No technology, especially in its early adoption phase, is flawless. Even with the popularity generative AI has gained in the eyes of businesses and consumers, its imperfections cannot be glossed over. Hallucinations and biases in training data, among other issues, cause business owners to be hesitant when considering this solution.
Although some early adopters have found a way to adopt Large Language Models (LLM) as they exist today, many feel that they are essentially left with two options. Wait until improvements arrive or government guidelines are put in place to ensure the safe use of the technology, potentially left behind, or adopt it now and without letting AI touch critical business systems. None of these options are really viable, so what can businesses do from here? Diving beneath the surface of Generation AI coverage to understand both its advantages and disadvantages will help modern businesses determine where they can safely implement tomorrow’s LLMs.
What are the pitfalls of the AI generation?
Each iteration of today’s most popular chatbots draws on a much larger data set, delivering a better solution with each evolution. However, given the black-box nature of generative AI, the characteristics of this technology also change as the underlying dataset evolves. A recent update to ChatGPT responded to concerns about “lazy” and “weird” response behaviors that users had started reporting, with Open.AI citing that one potential reason was ChatGPT’s reinforcement learning process.
While AI developers are still fine-tuning the auditing process, to better understand how and why generative AI programs act the way they do, the hallucinations caused by these programs will require human monitors to act as controls. quality assurance. For businesses, keeping humans informed can seem like a trap, as they are not able to fully convey process AI. In reality, these checks should remain part of the design process.

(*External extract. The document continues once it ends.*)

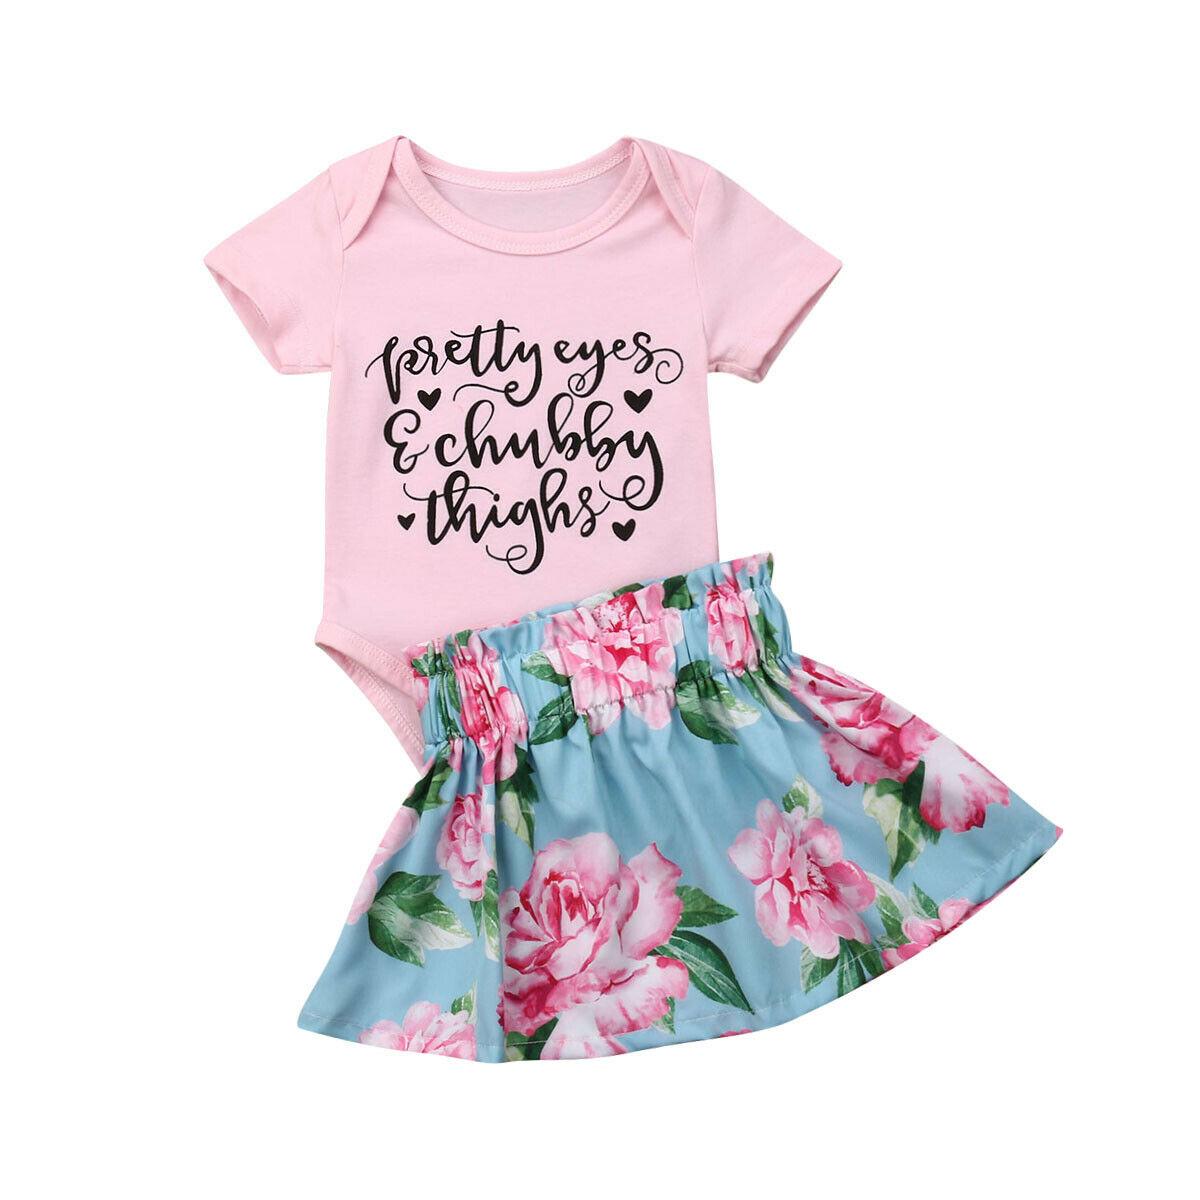 0-24 M Nette Neugeborene Baby Mädchen Kurzarm Brief Drucken Baumwolle Body Tops Floral Rock 2 Pcs Outfits Prinzessin Mädchen Kleidung SchöN In Farbe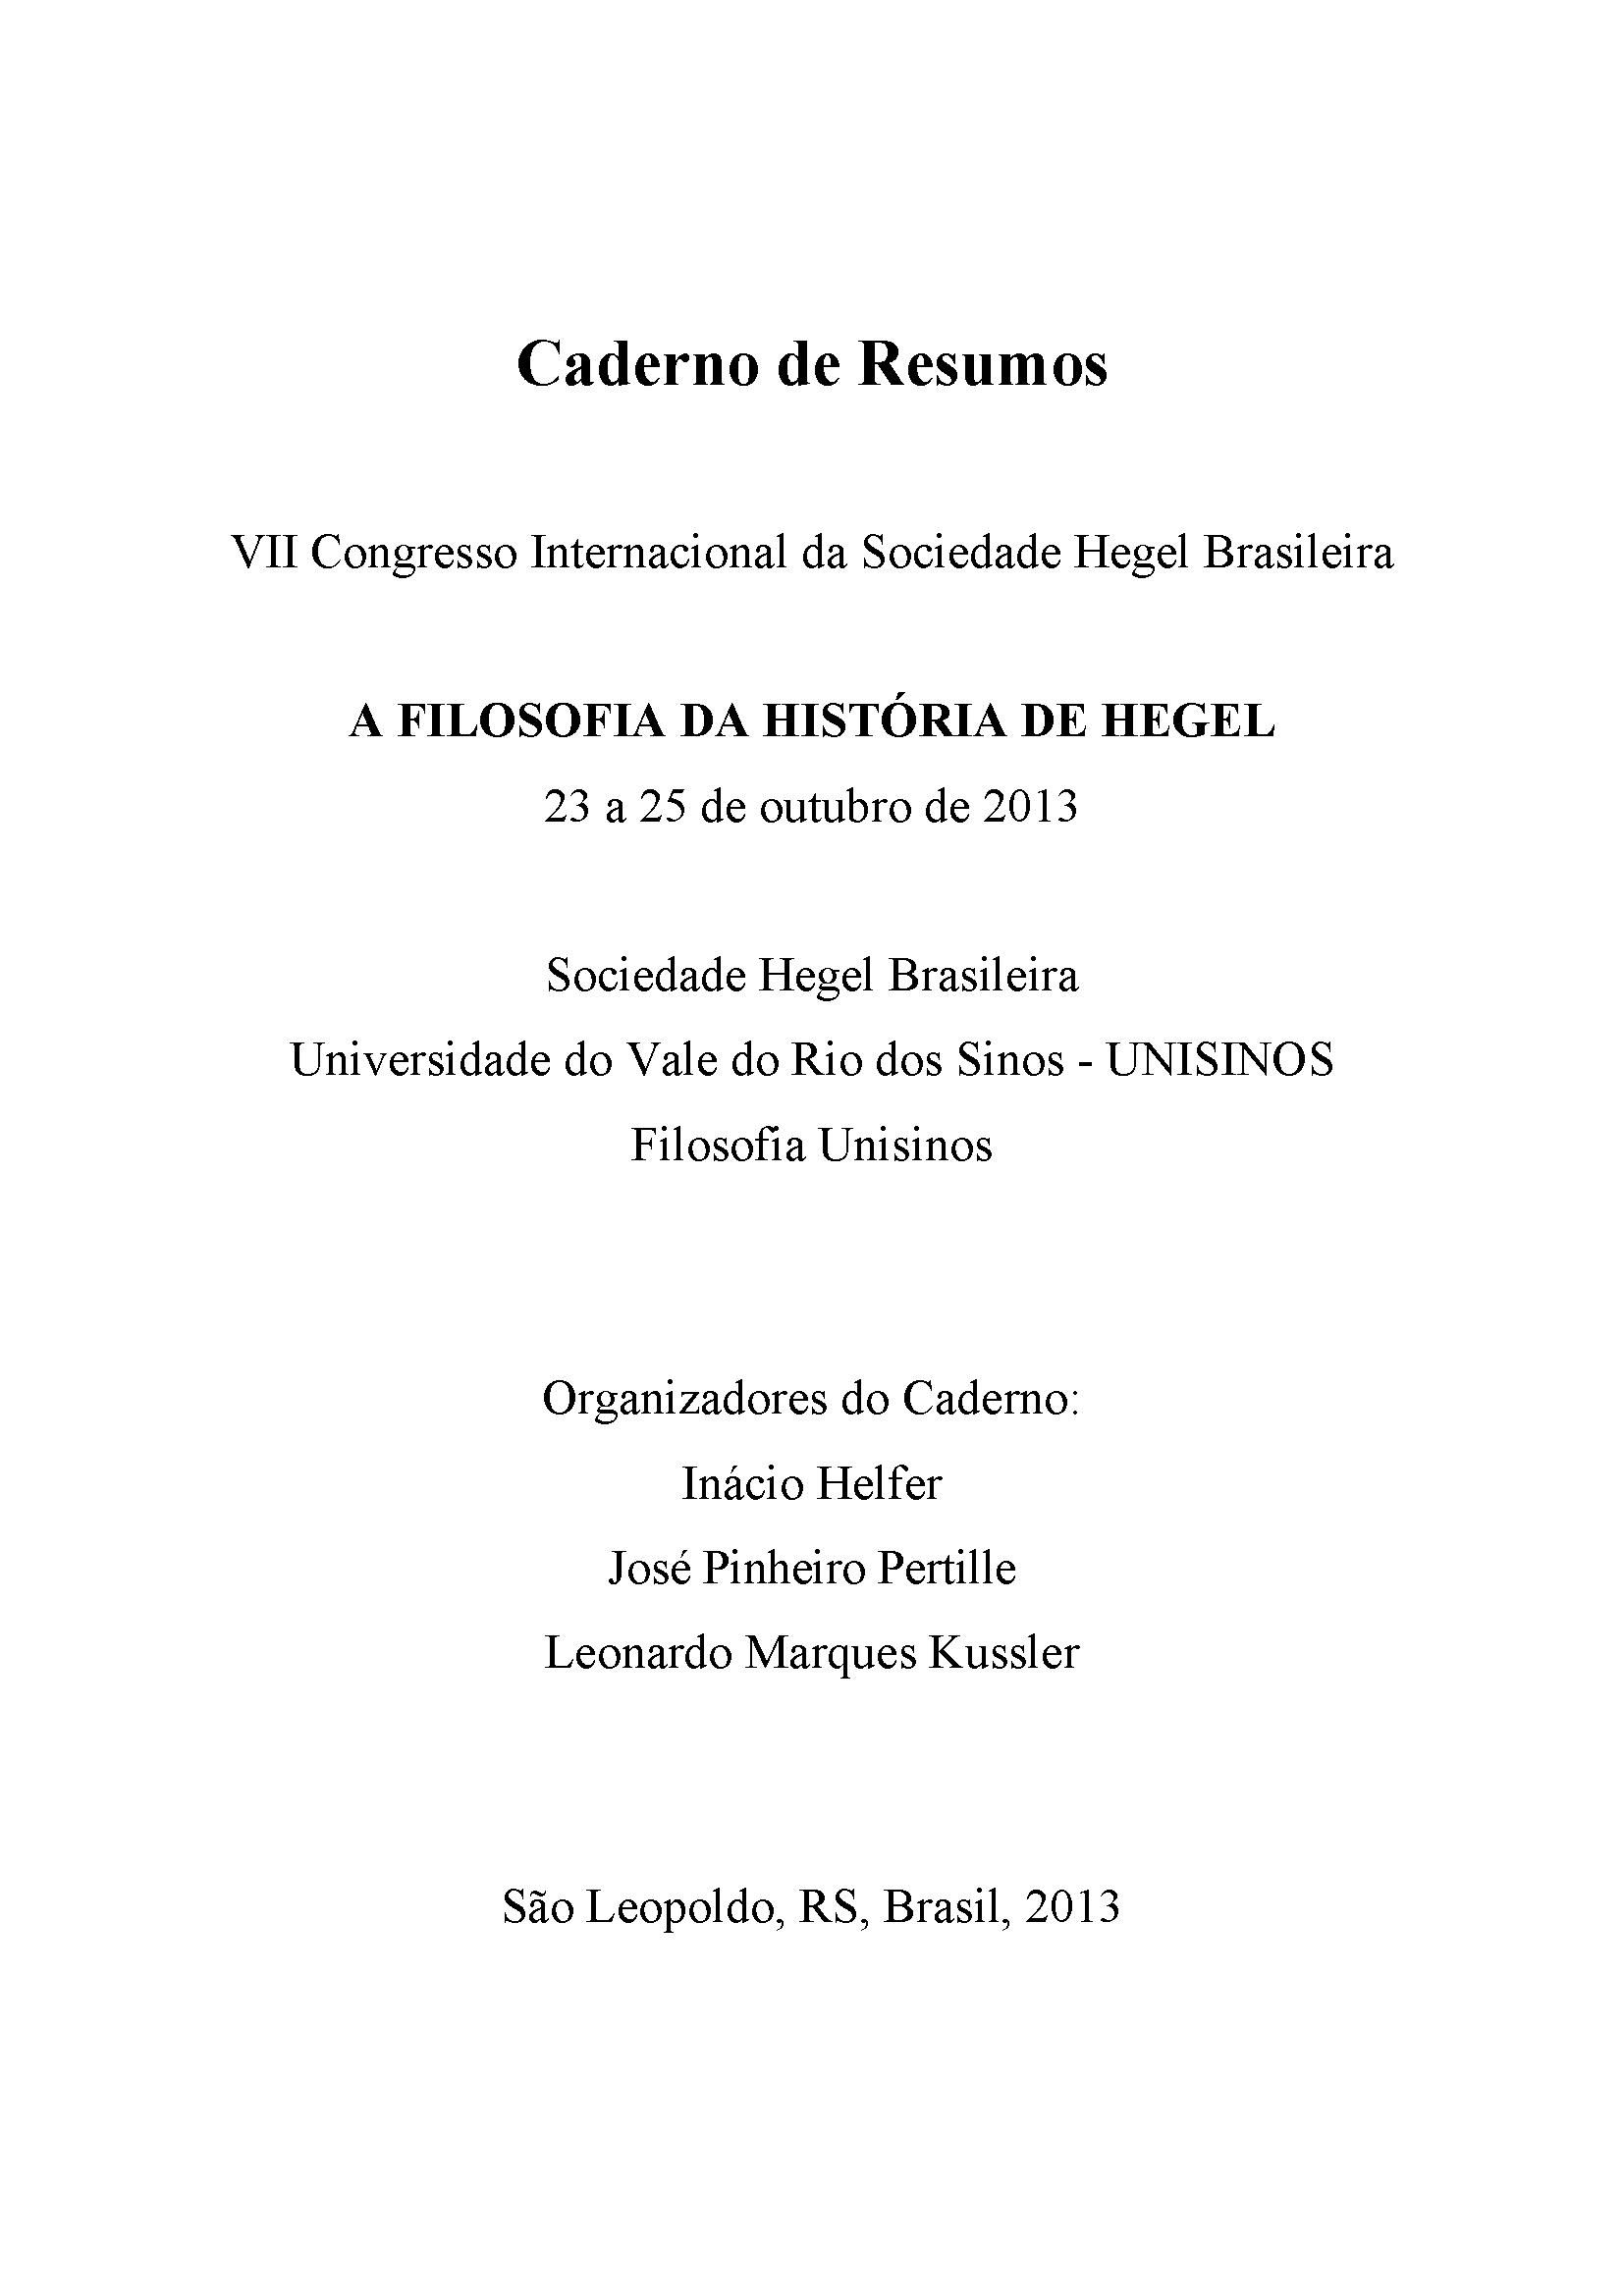 Cadernos de Resumos_Página_01

Business leaders are interested and investing in AI, but implementation hasn’t really caught up
Providing world-class customer service, especially in the digital age, is a priority for all business leaders. To create an exceptional customer journey, you need to be present everywhere, from mobile to social media. As headlines have begun to shift customer expectations for what top-notch customer service should look like, business leaders know that even the most advanced AI available today is not the tomorrow’s dream customer support agent. One of the the main factors preventing businesses trust is key to full AI integration. Developers have noticed and are starting to respond by being transparent around their AI safeguards and responsible practices, but it will still take some time to close the implementation gap.
The impact of the AI generation on businesses is likely to evolve rapidly and for a long time
In the near term, increased attention from developers, businesses, and government regulators will focus on responsible AI development. By creating technical guardrails and enforcing regulations that help ensure the safe and secure use of AI generation at an industrial level, companies looking to integrate AI can ease their concerns. That said, looking to the future, there is little evidence that the innovation curve for generative AI technology has peaked or is slowing down. By continually expanding the training data on which these tools are developed, we will only see the advent of more accurate and secure platforms for businesses. The only question remaining for businesses? How much evidence is needed for them to know it’s time to implement AI, and where can it make the biggest difference?
Finding the Balance Between Live and Virtual Team Members
The AI generation will see the need for oversight by human teams in the near future, and probably forever, but that doesn’t mean there aren’t business use cases that can benefit from it today. Using LLM to generate content for existing virtual agents is one example, allowing businesses to get chatbots up and running faster without increasing risk to the business. Using LLMs is like brewing a powerful potion: each ingredient adds to its potency, but the wrong combination can be disastrous, so make sure you have the right tools needed to mix your potion.
Rasmus Hauch is CTO at Boost.ai. Rasmus brings a wealth of technology leadership experience to boost.ai as Chief Technology Officer. Previously, he was CTO at 2021.AI, leading teams to deliver best-in-class AI/ML solutions. His advisory roles at Proprty.ai, Ryver.ai and Capsule, as well as his long tenure at IBM, reflect his extensive expertise in the field of AI. At boost.ai, Rasmus aims to advance our technology front, aligning with our mission to innovate in conversational AI.